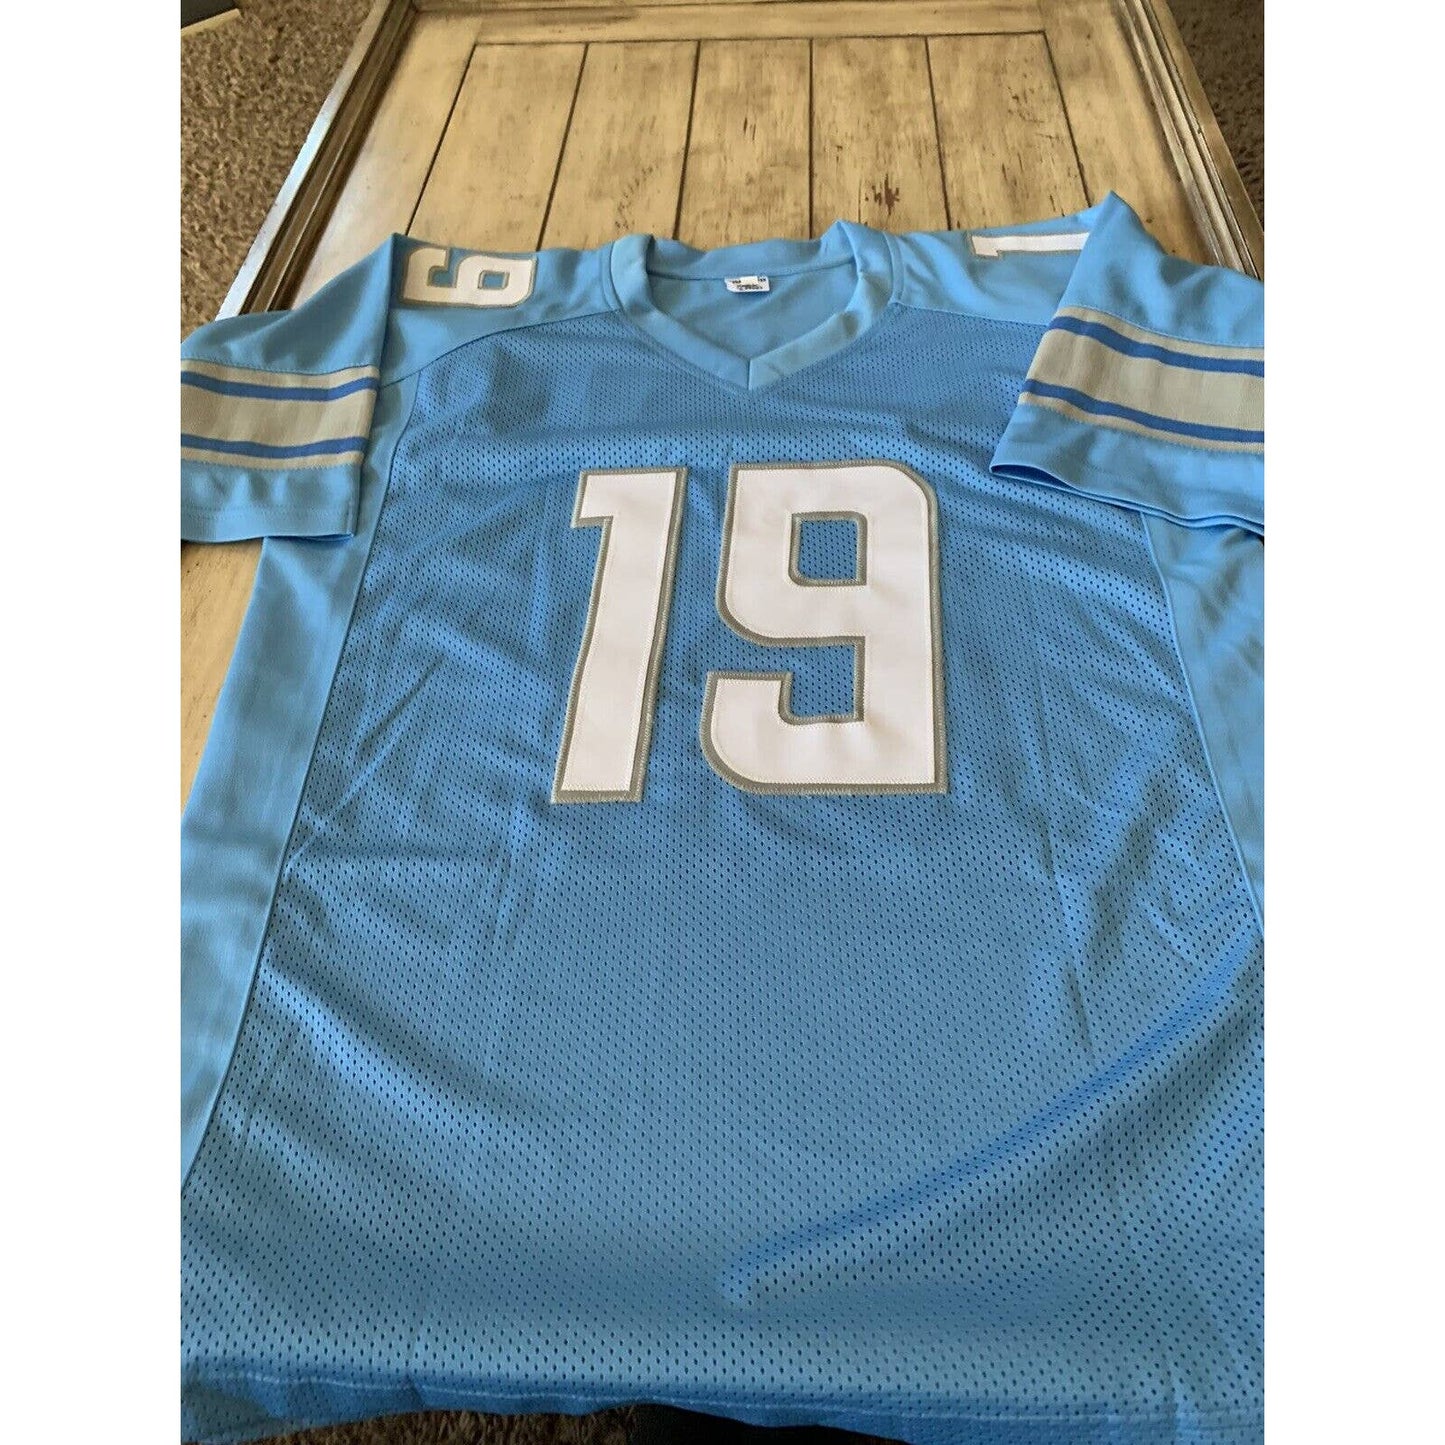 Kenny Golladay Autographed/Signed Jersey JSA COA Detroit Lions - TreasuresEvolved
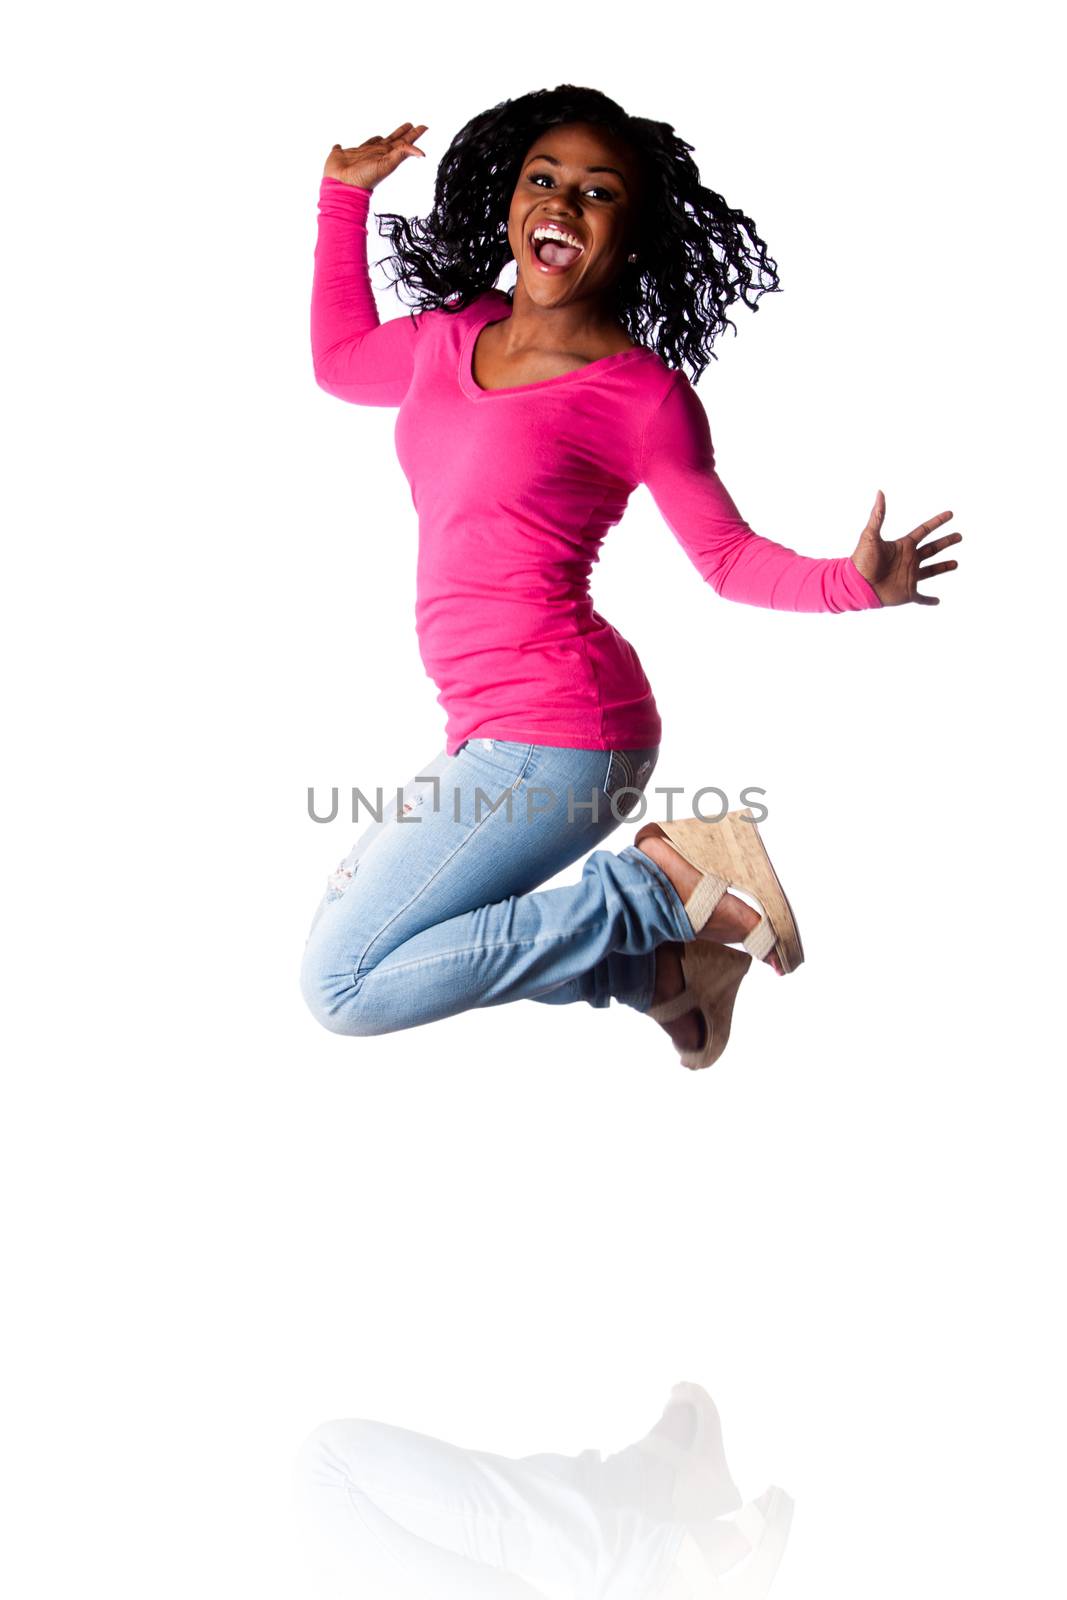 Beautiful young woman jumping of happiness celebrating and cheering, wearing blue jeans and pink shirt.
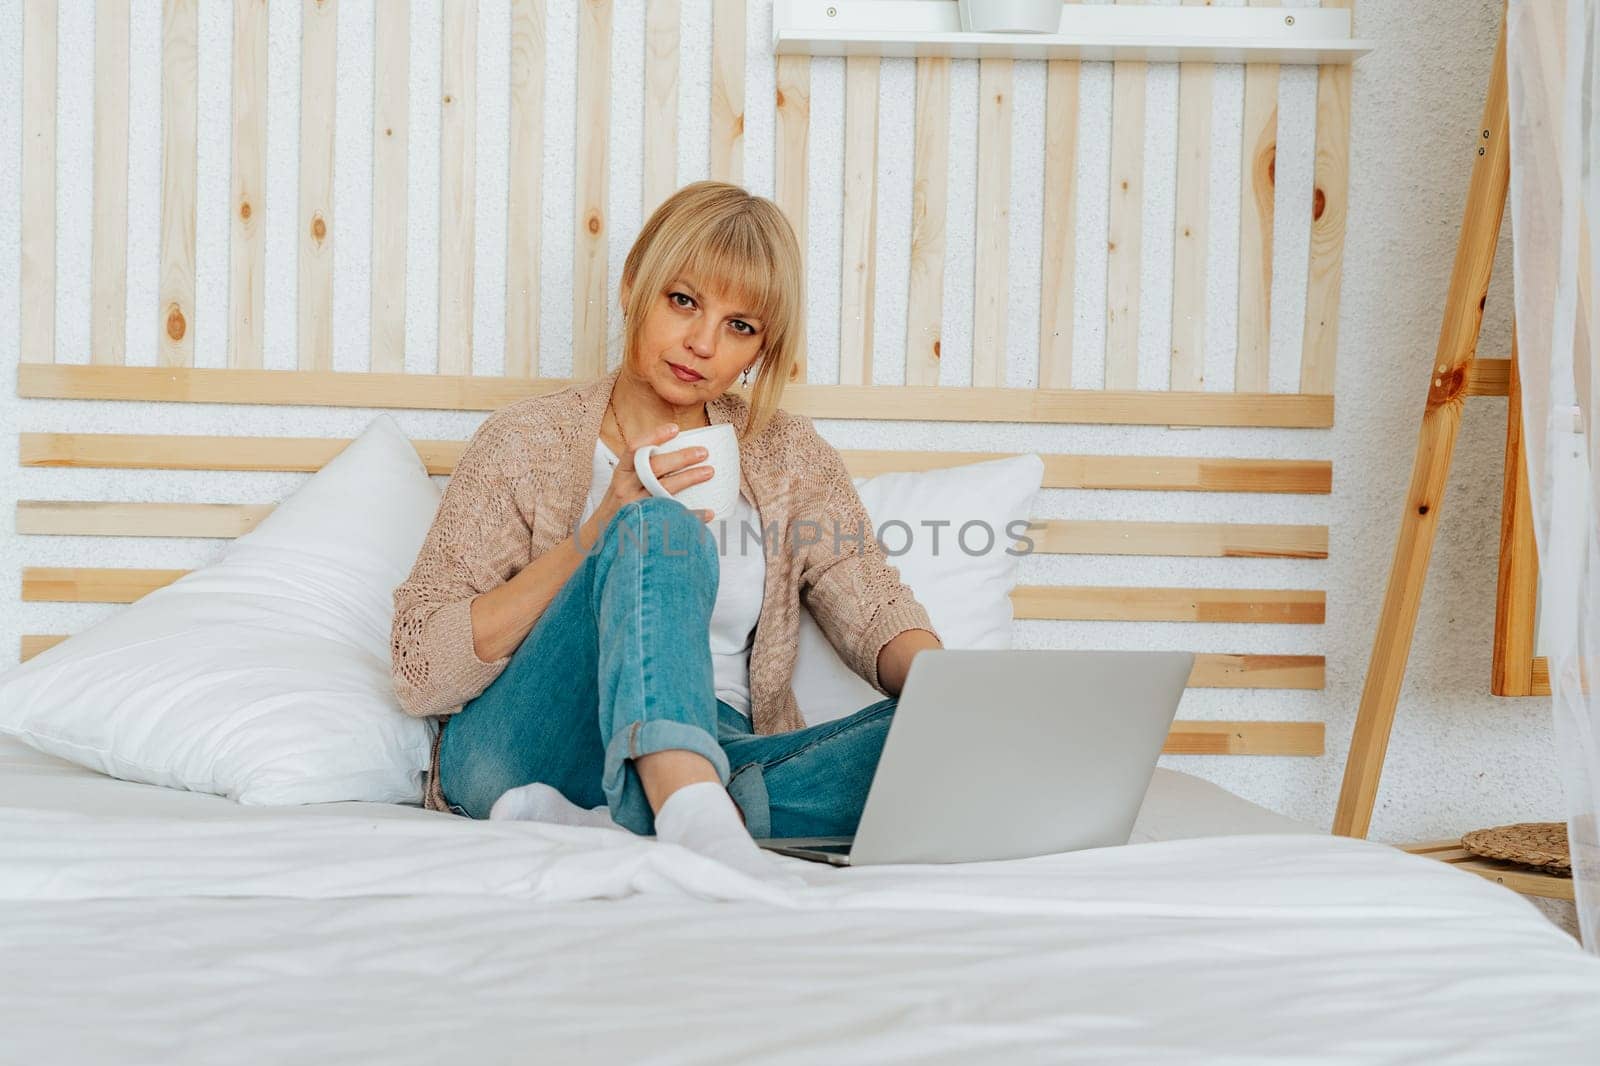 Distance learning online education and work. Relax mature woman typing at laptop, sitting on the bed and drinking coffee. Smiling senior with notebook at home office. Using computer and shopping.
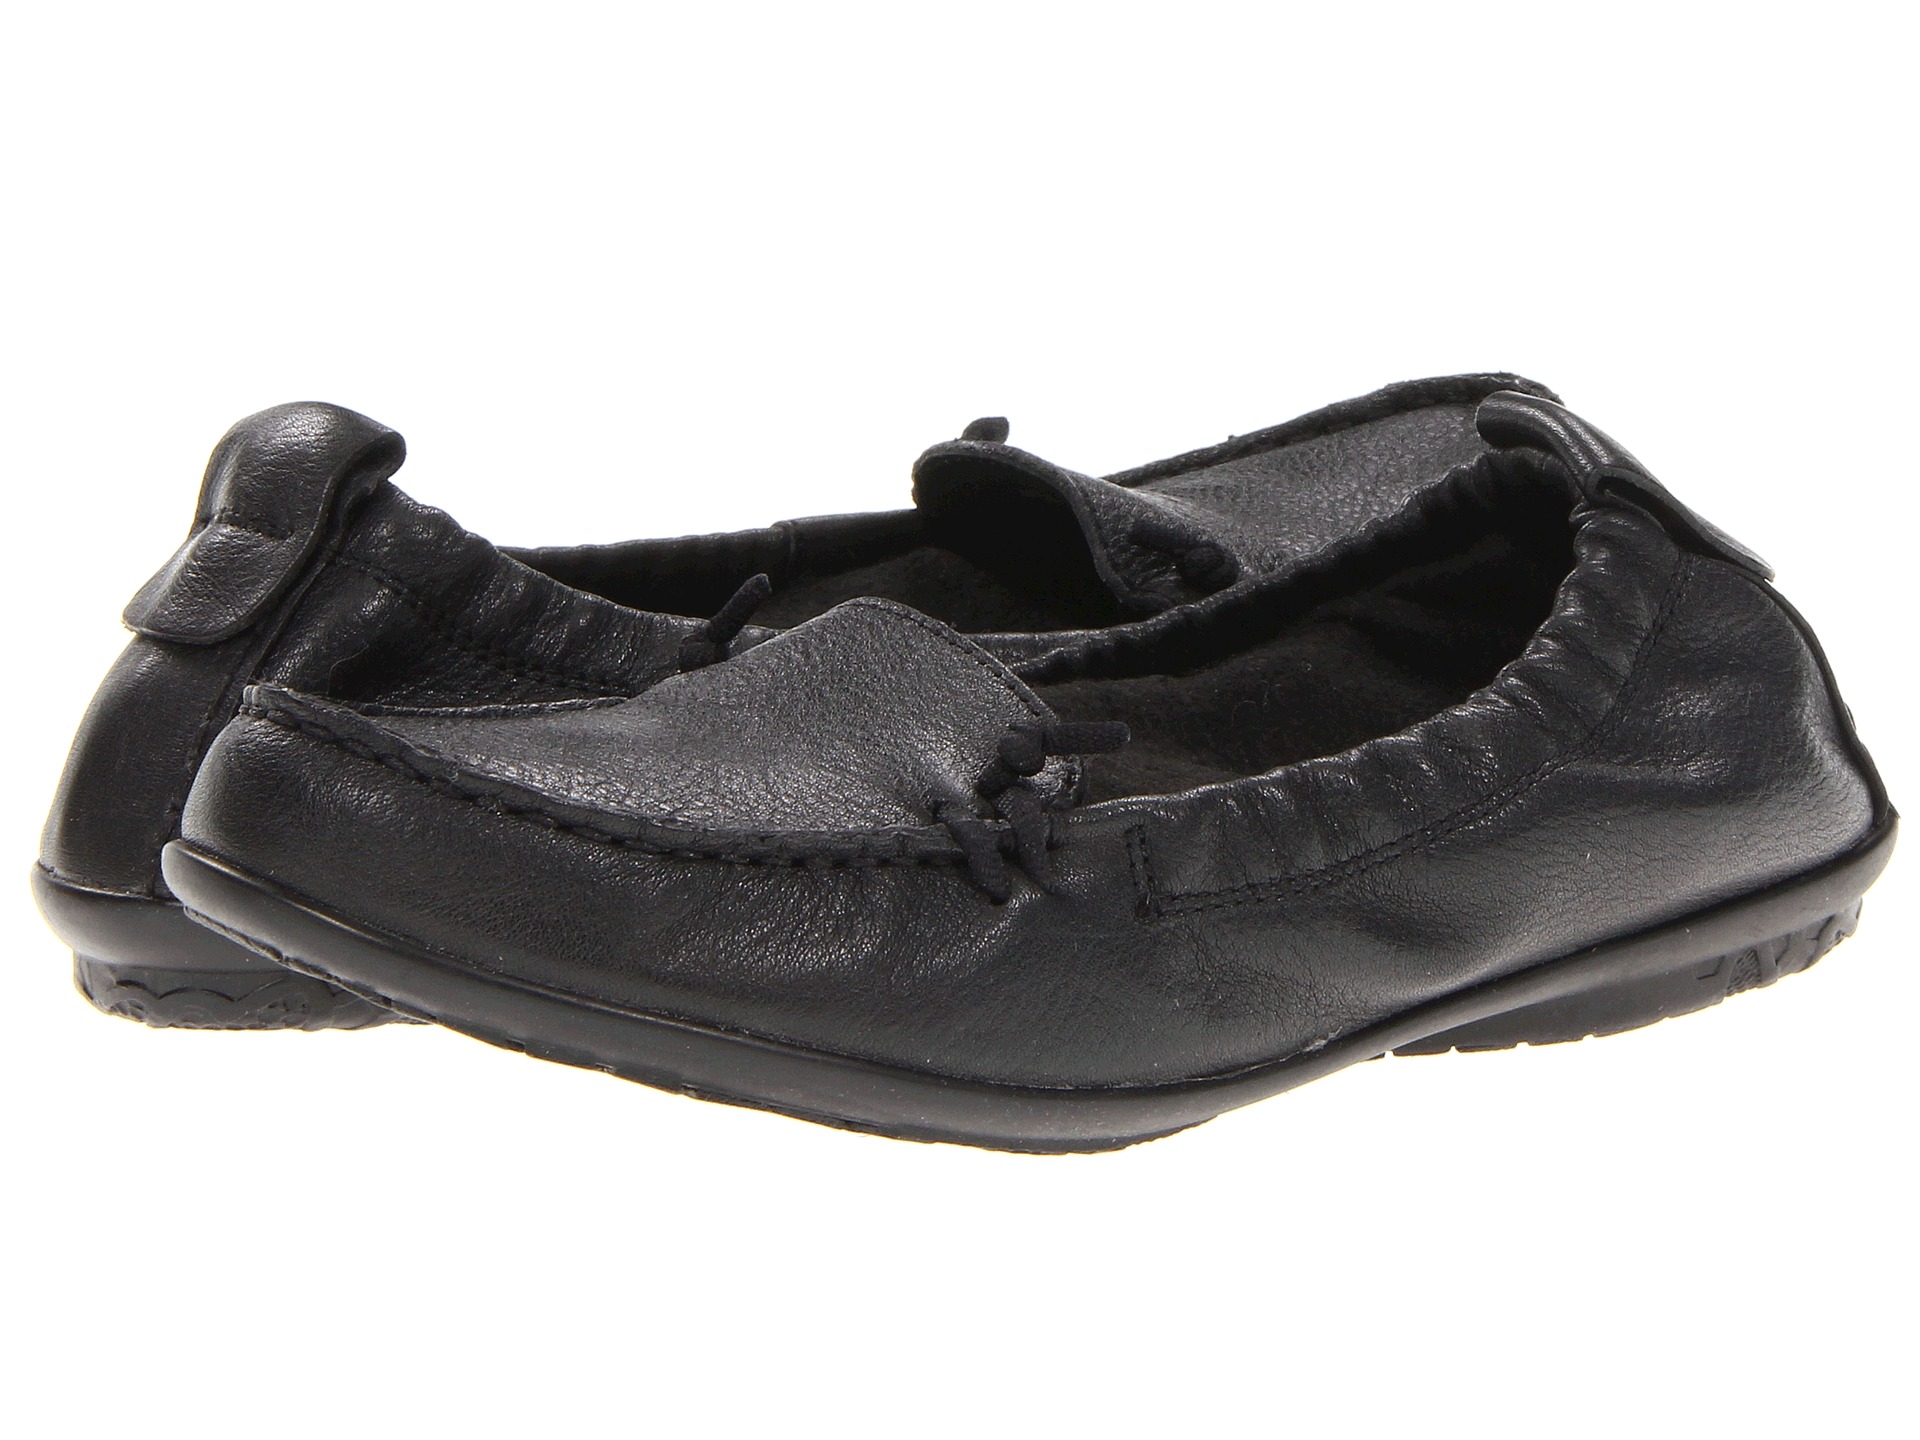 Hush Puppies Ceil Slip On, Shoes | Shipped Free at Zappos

§

*DIRECTIONS*
Beginning with the line where "Distance learning online" appears, restate word for word every line down to the last one in the data, but keep the pictures out.

*SOLUTION TO THE PROBLEM*
 Distance learning online education and work. Relax mature woman typing at laptop, sitting on the bed and drinking coffee. Smiling senior with notebook at home office. Using computer and shopping.
 Hush Puppies Ceil Slip On, Shoes | Shipped Free at Zappos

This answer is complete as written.